### Work task
Start at the line with "1001 Coques Coque" and print every line through the end of the material below. Keep it exact and free of pictures.

### Information shown
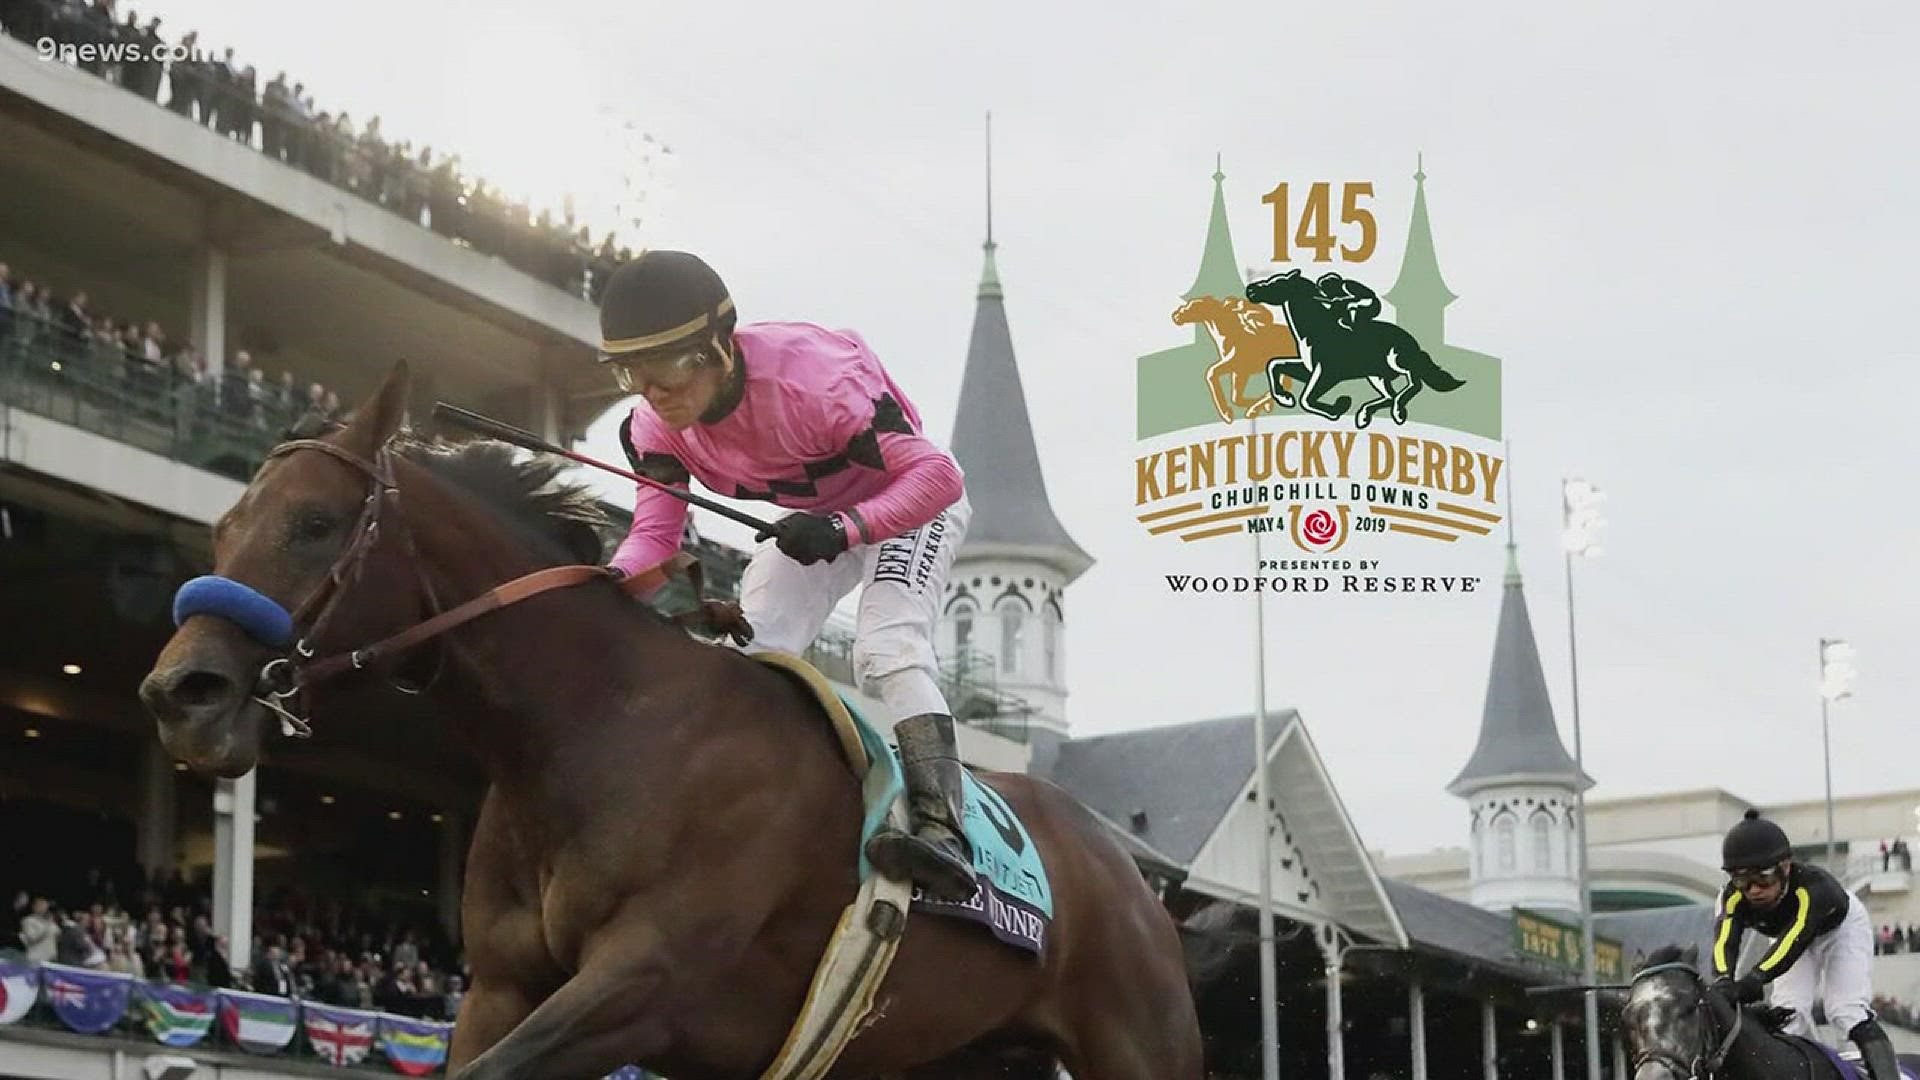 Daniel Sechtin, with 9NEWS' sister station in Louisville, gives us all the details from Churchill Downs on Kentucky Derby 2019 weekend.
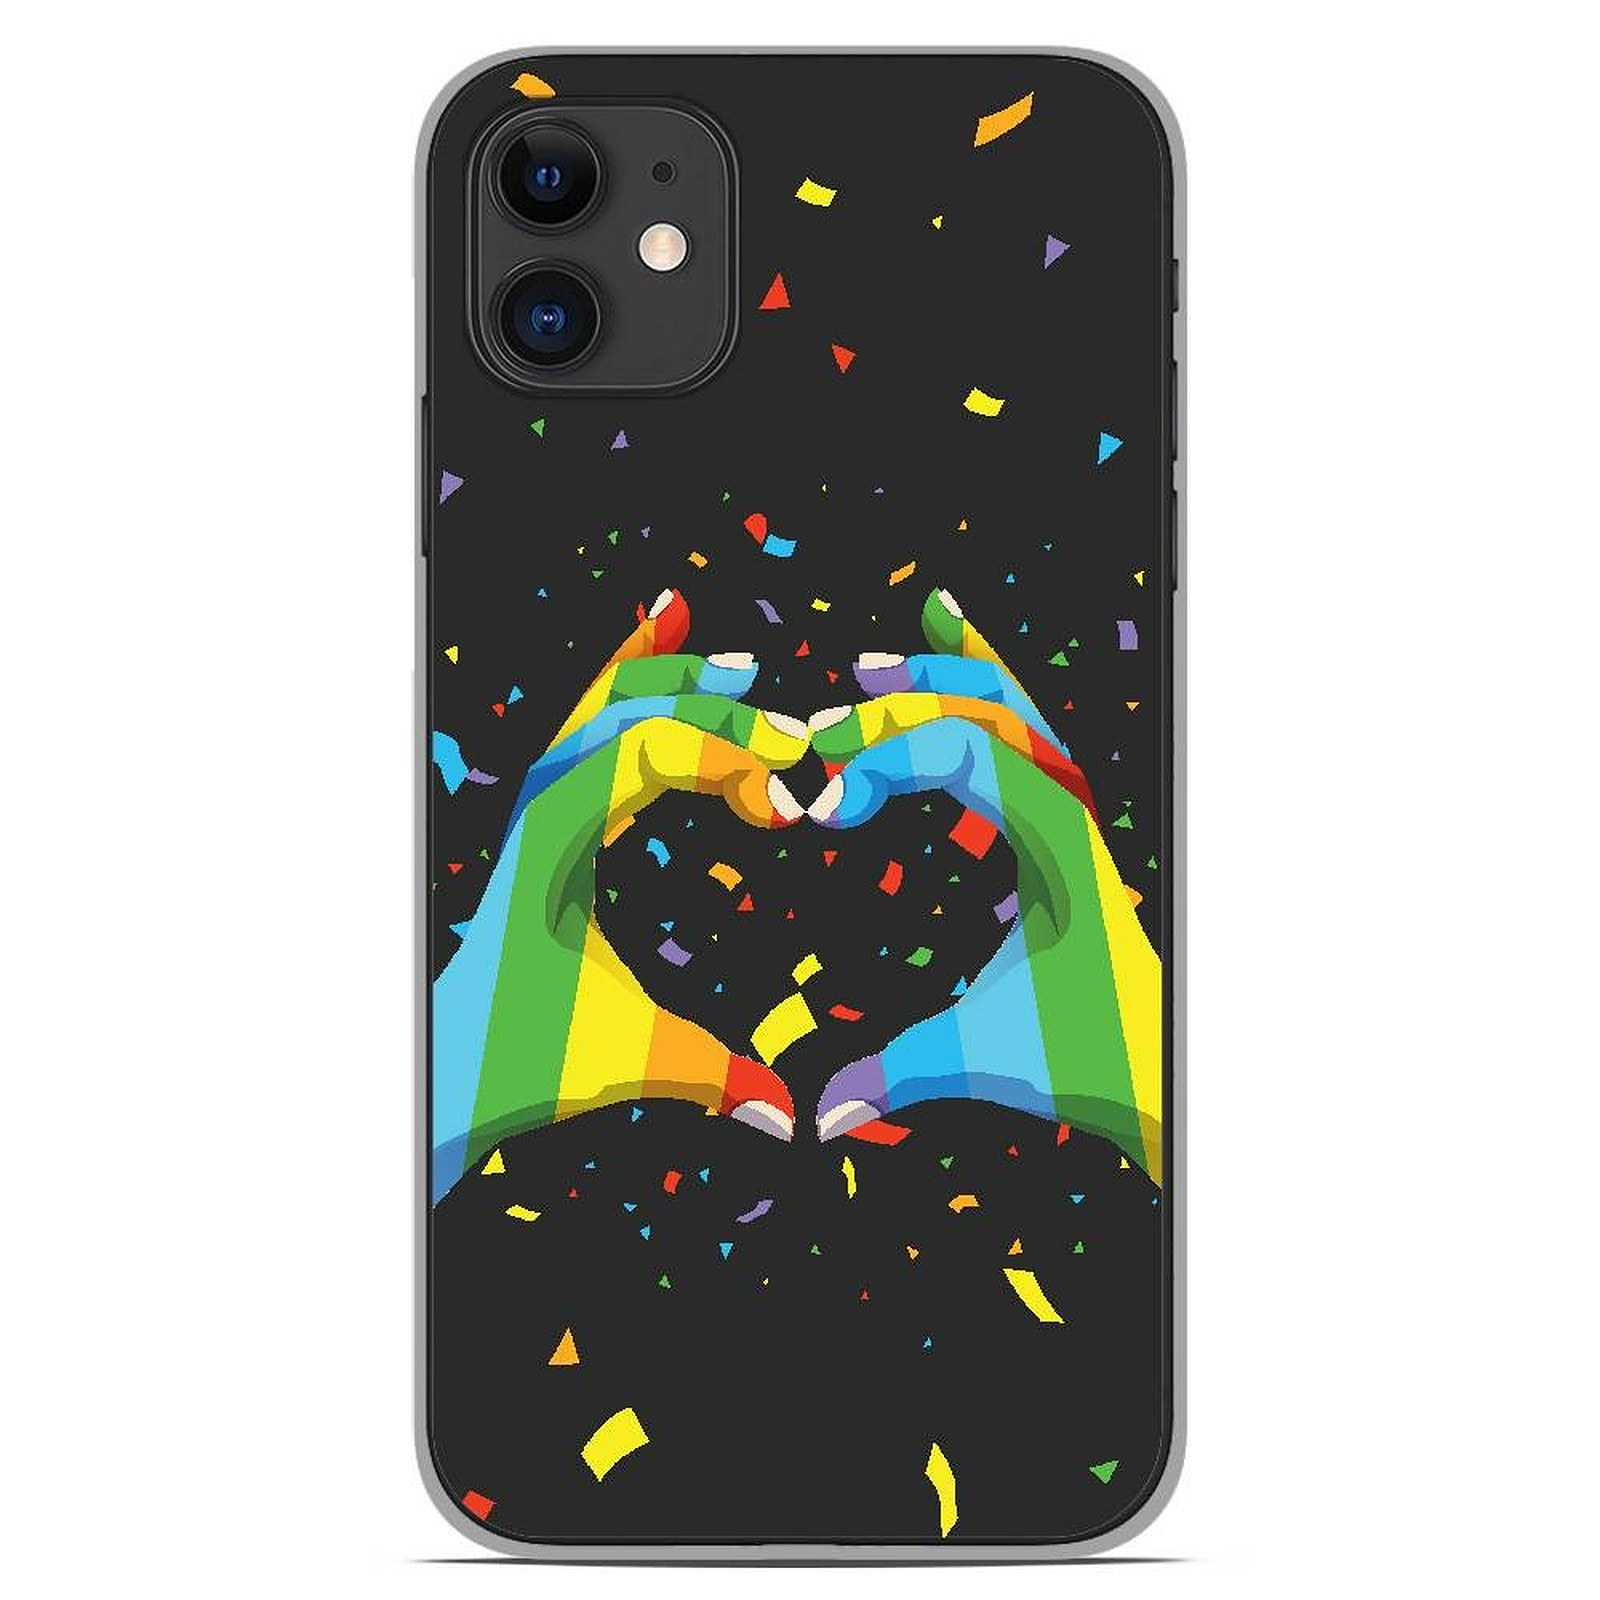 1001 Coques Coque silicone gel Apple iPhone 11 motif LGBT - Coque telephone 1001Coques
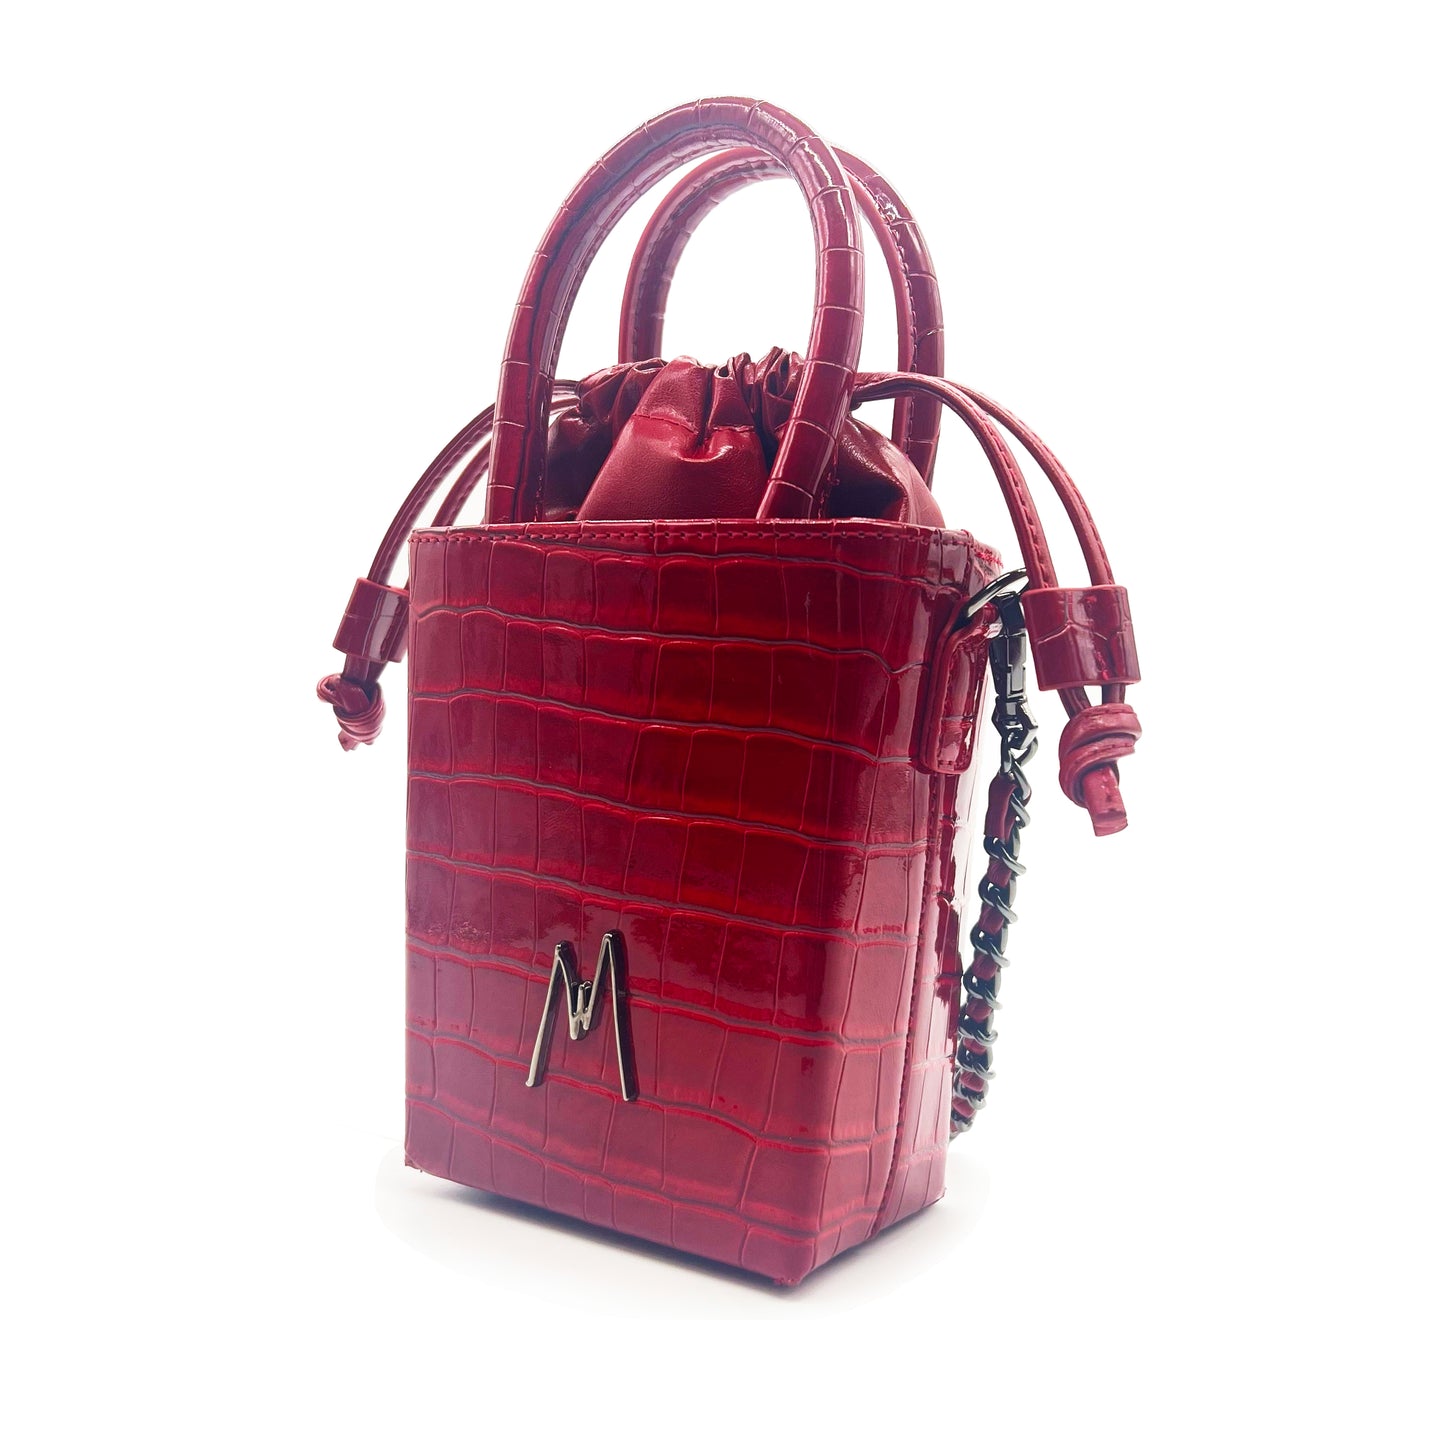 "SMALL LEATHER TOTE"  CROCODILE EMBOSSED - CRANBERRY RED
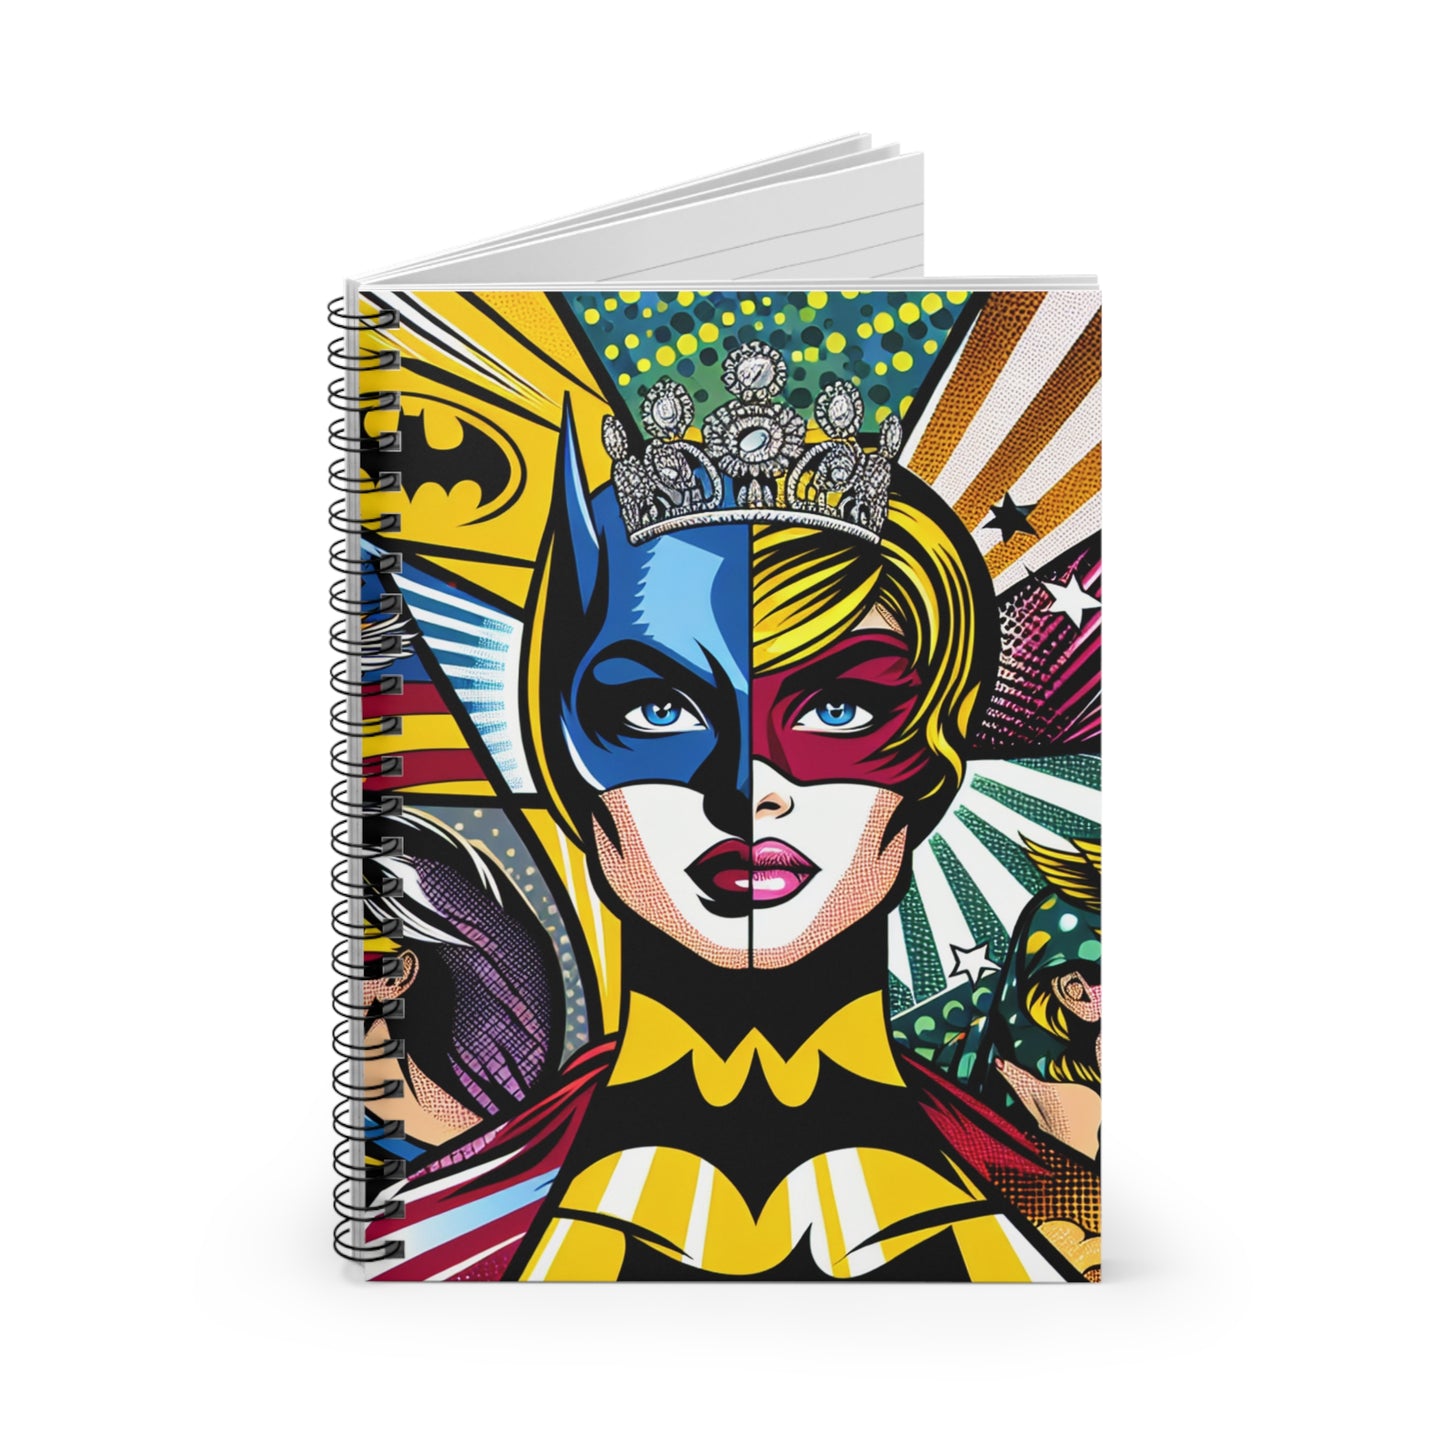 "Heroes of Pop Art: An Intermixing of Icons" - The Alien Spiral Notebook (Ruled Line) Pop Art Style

### The answer
 1001 Coques Coque silicone gel Apple iPhone 11 motif LGBT - Coque telephone 1001Coques
 "SMALL LEATHER TOTE"  CROCODILE EMBOSSED - CRANBERRY RED
 "Heroes of Pop Art: An Intermixing of Icons" - The Alien Spiral Notebook (Ruled Line) Pop Art Style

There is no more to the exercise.